# Tom cat



## Utahyounggun (Nov 5, 2014)

It's been a busy month from swan hunting to Montana deer hunting to my cougar hunt and I was lucky enough to harvest this beautiful Tom yesterday.


----------



## wyogoob (Sep 7, 2007)

Whoa, I'd run the other way if I seen that big SOB!

How 'bout a story; don't leave out a thing.

.


----------



## Utahyounggun (Nov 5, 2014)

Well we started running the track early in the morning and just about an hour later we could hear the dogs had something bayed up. And it was only like 200 yards up the mountain! So in my head I'm thinking man this isn't going to be to bad after all. So we get to the tree the dogs are under and no cat... So we walked around and finally picked the track up again and the dogs were off and running after a while they were at the top of the mountain by the ledges and cliffs so we made our way closer and turned the rest of the dogs lose. We could see that he was tree'ed in a small tree on the edge of a small cliff!

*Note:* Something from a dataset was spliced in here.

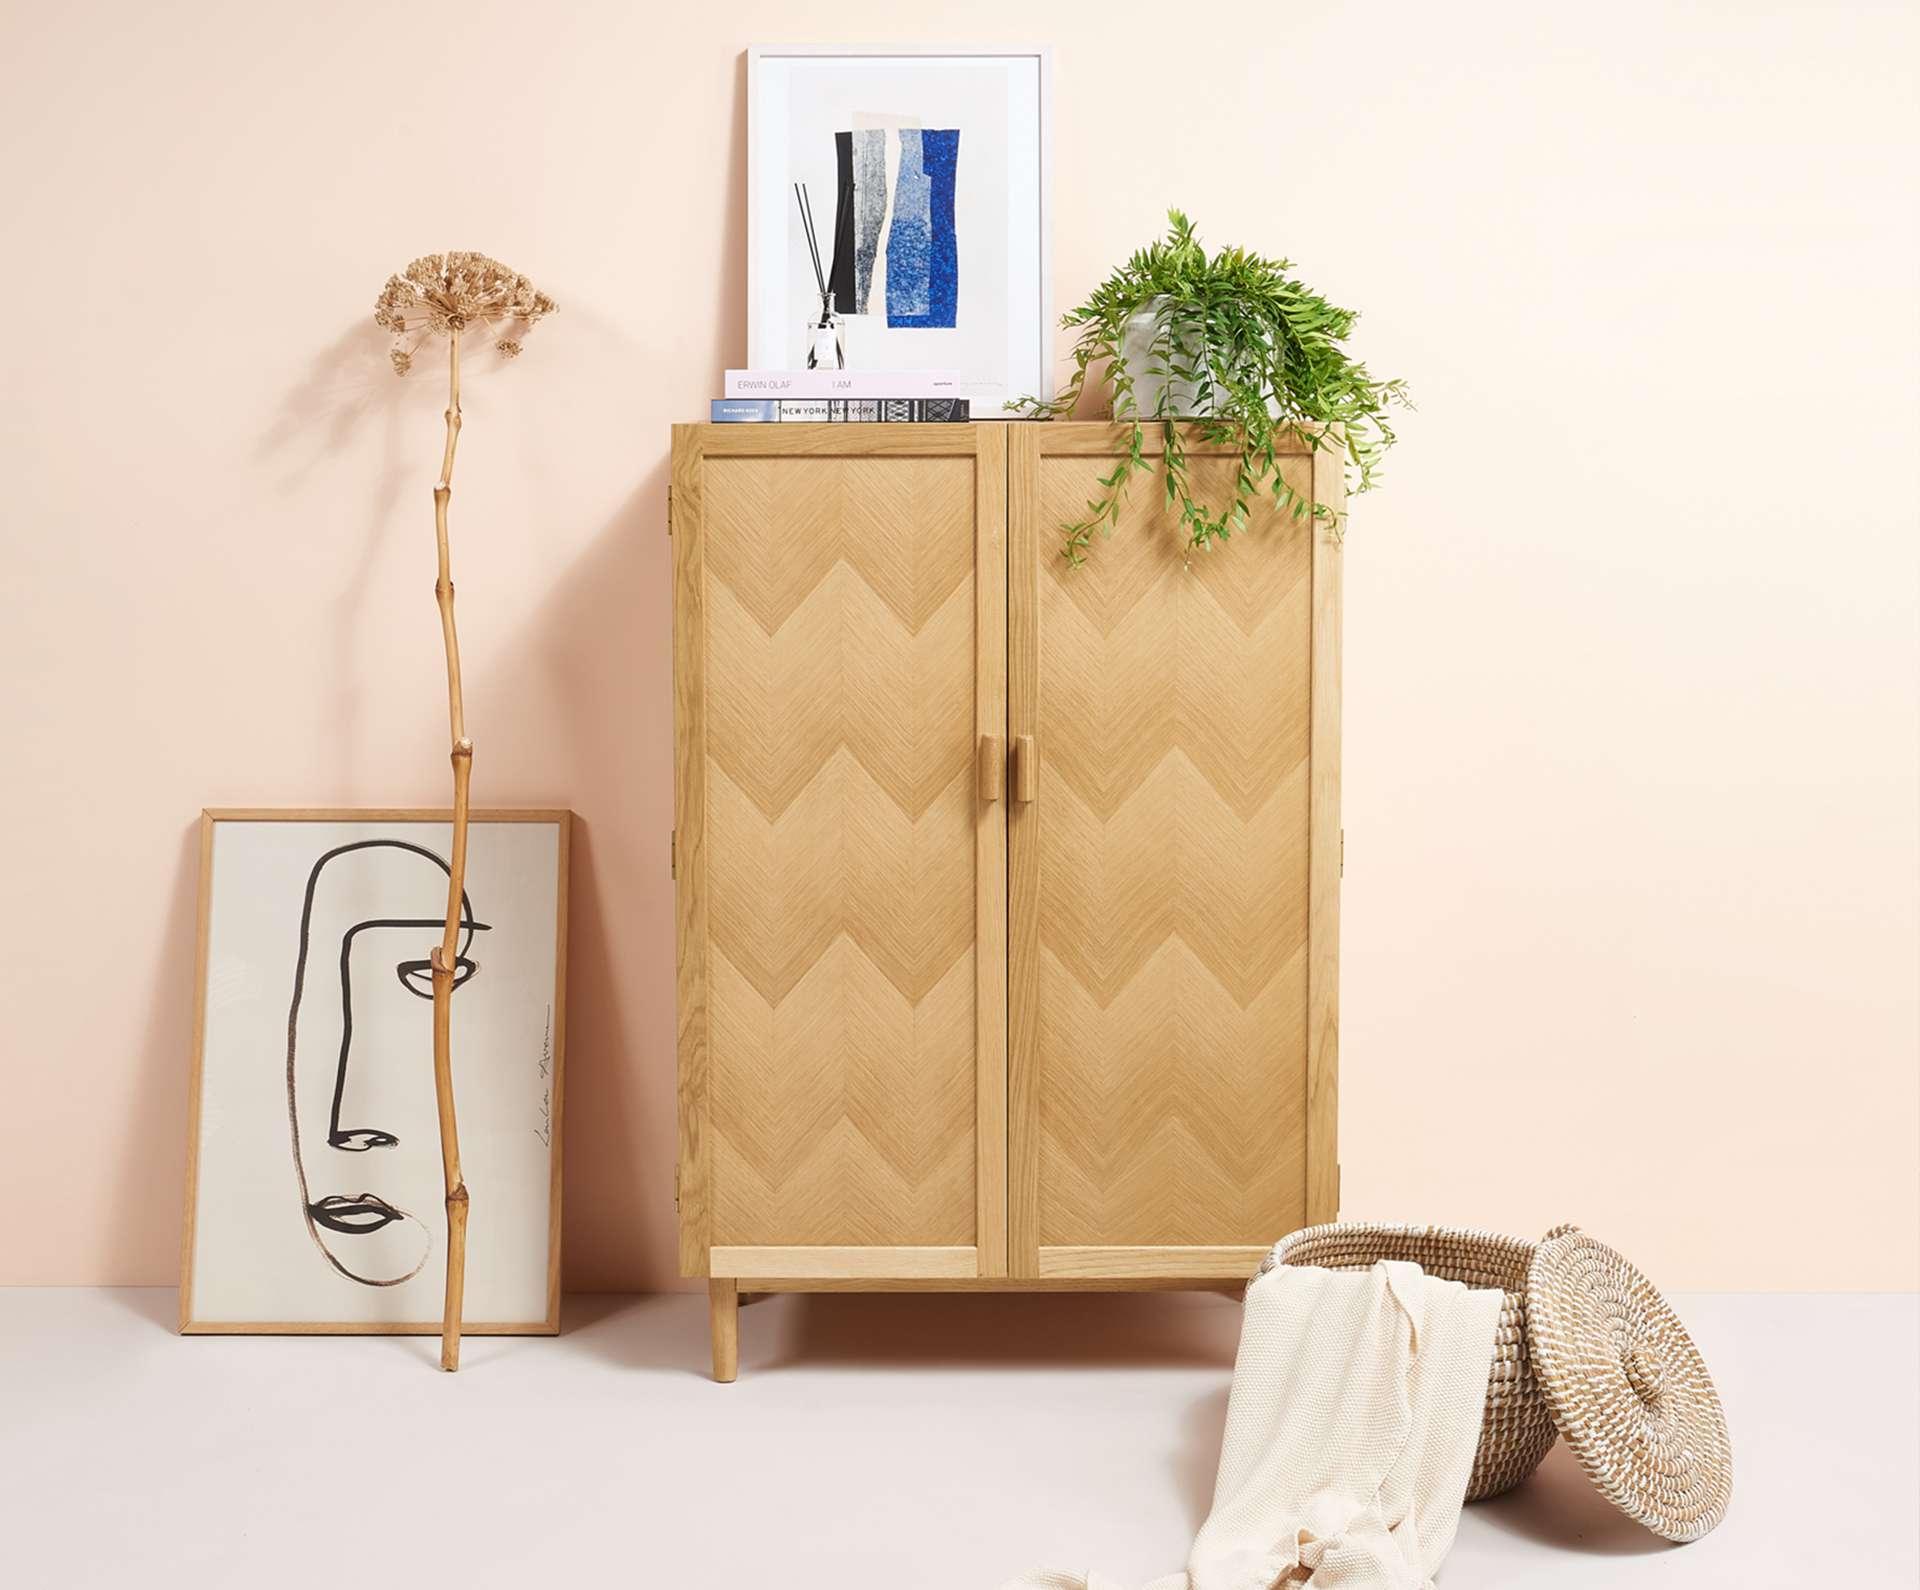 Haal Jouw Stijl In Huis Met Loods 5 Meubels En Accessoires
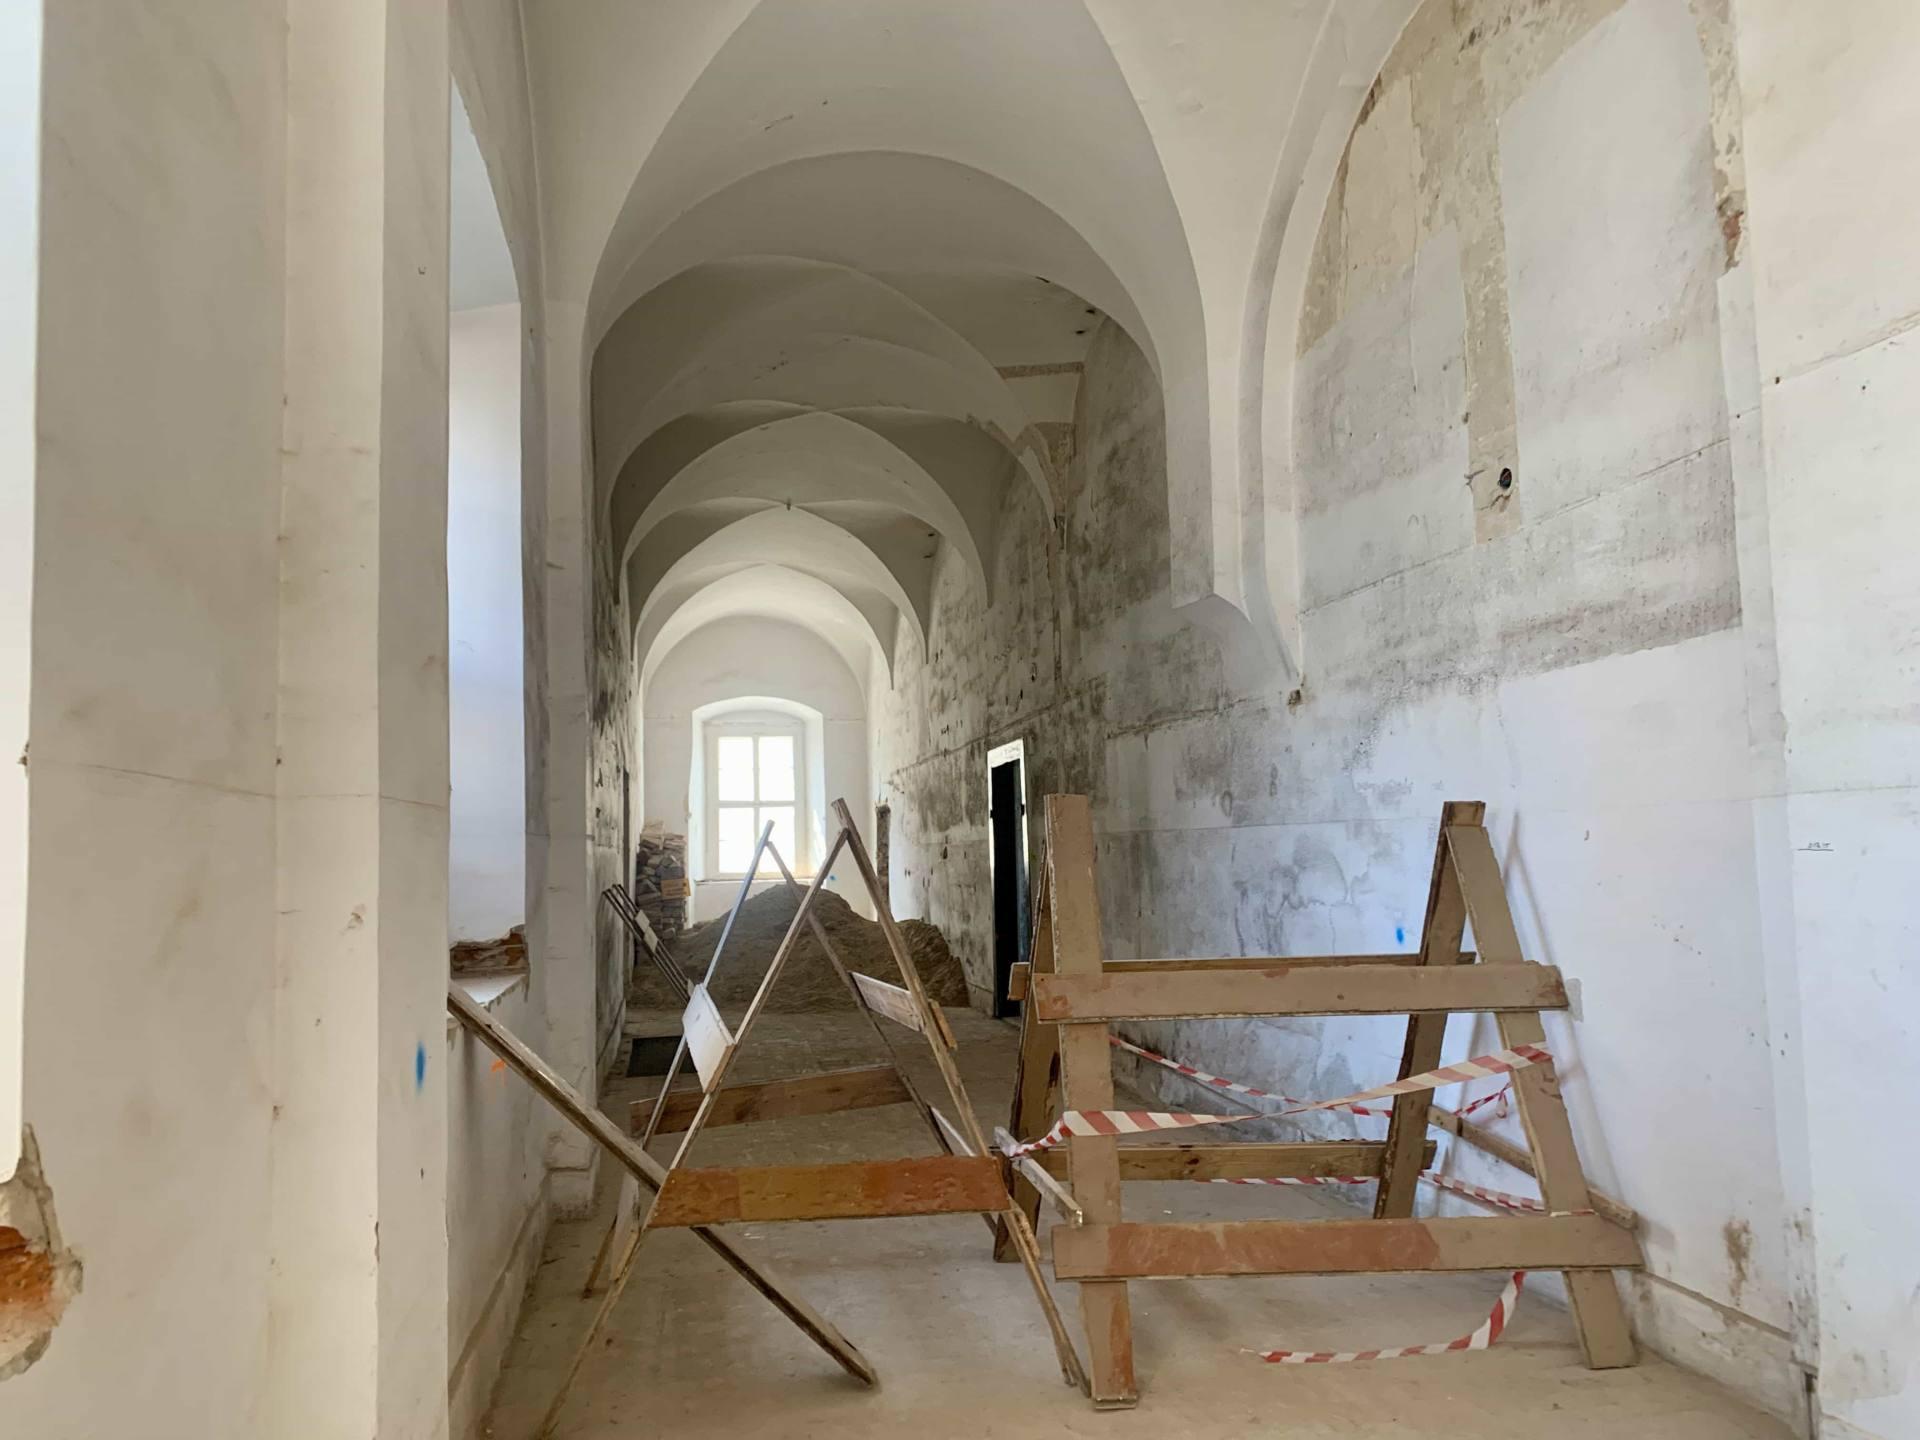 img 1818 ZAMOŚĆ: Wznowiono roboty budowlane i prace konserwatorskie w obiekcie Akademii Zamojskiej [ZDJĘCIA]

It would have made a BAD A picture we got about 50 yards from the dogs when he jumped again... We followed him for about 200 more yards and finally had him held up good. Now I forgot to mention that one of the guys with some of the dogs has a tag and I was told that he had first dibs if he wanted the cat, which was perfectly fine by me and they said I could still tag along if I wanted to come and if it was something he didn't want I could have if I wanted it. So we get up there and I'm not even expecting to shoot I was just along for the fun of it. The guy looks at it for a minute then looks at me and says "he's yours if you want him, I'm going to pass on this one" so now I'm the one doing the shooting! I wasn't going to pass him up and I ended up shooting him twice with my bow and it was all pretty much over besides the long hike out! I had a great group of guys help me out and I loved every minute of it!


----------



## 2full (Apr 8, 2010)

Very Nice Tom, good job.
It's good to get them early in the season, before the snow gets too deep.
I miss chasing them.


----------



## AF CYN (Mar 19, 2009)

Look at the paws on that thing! Nice job.


----------



## Utahyounggun (Nov 5, 2014)

Thanks everyone


----------



## High Desert Elk (Aug 21, 2012)

Nice cat!


----------



## ISHY (Dec 4, 2015)

Nice job, that's a great looking cat.


----------



## bekins24 (Sep 22, 2015)

Nice work! That's awesome the guy passed on it for you


----------



## OKEE (Jan 3, 2008)

Nice Cat! Congrats!


----------



## sambo3006 (Feb 25, 2016)

Great looking cat! Don't know what the other guy was thinking but it worked out for you!


----------



## torowy (Jun 19, 2008)

pretty cool. I just want to go on a chase sometime.


----------



## Utahyounggun (Nov 5, 2014)

Thanks everyone, the other guy ended up with a great cat as well this last month.


----------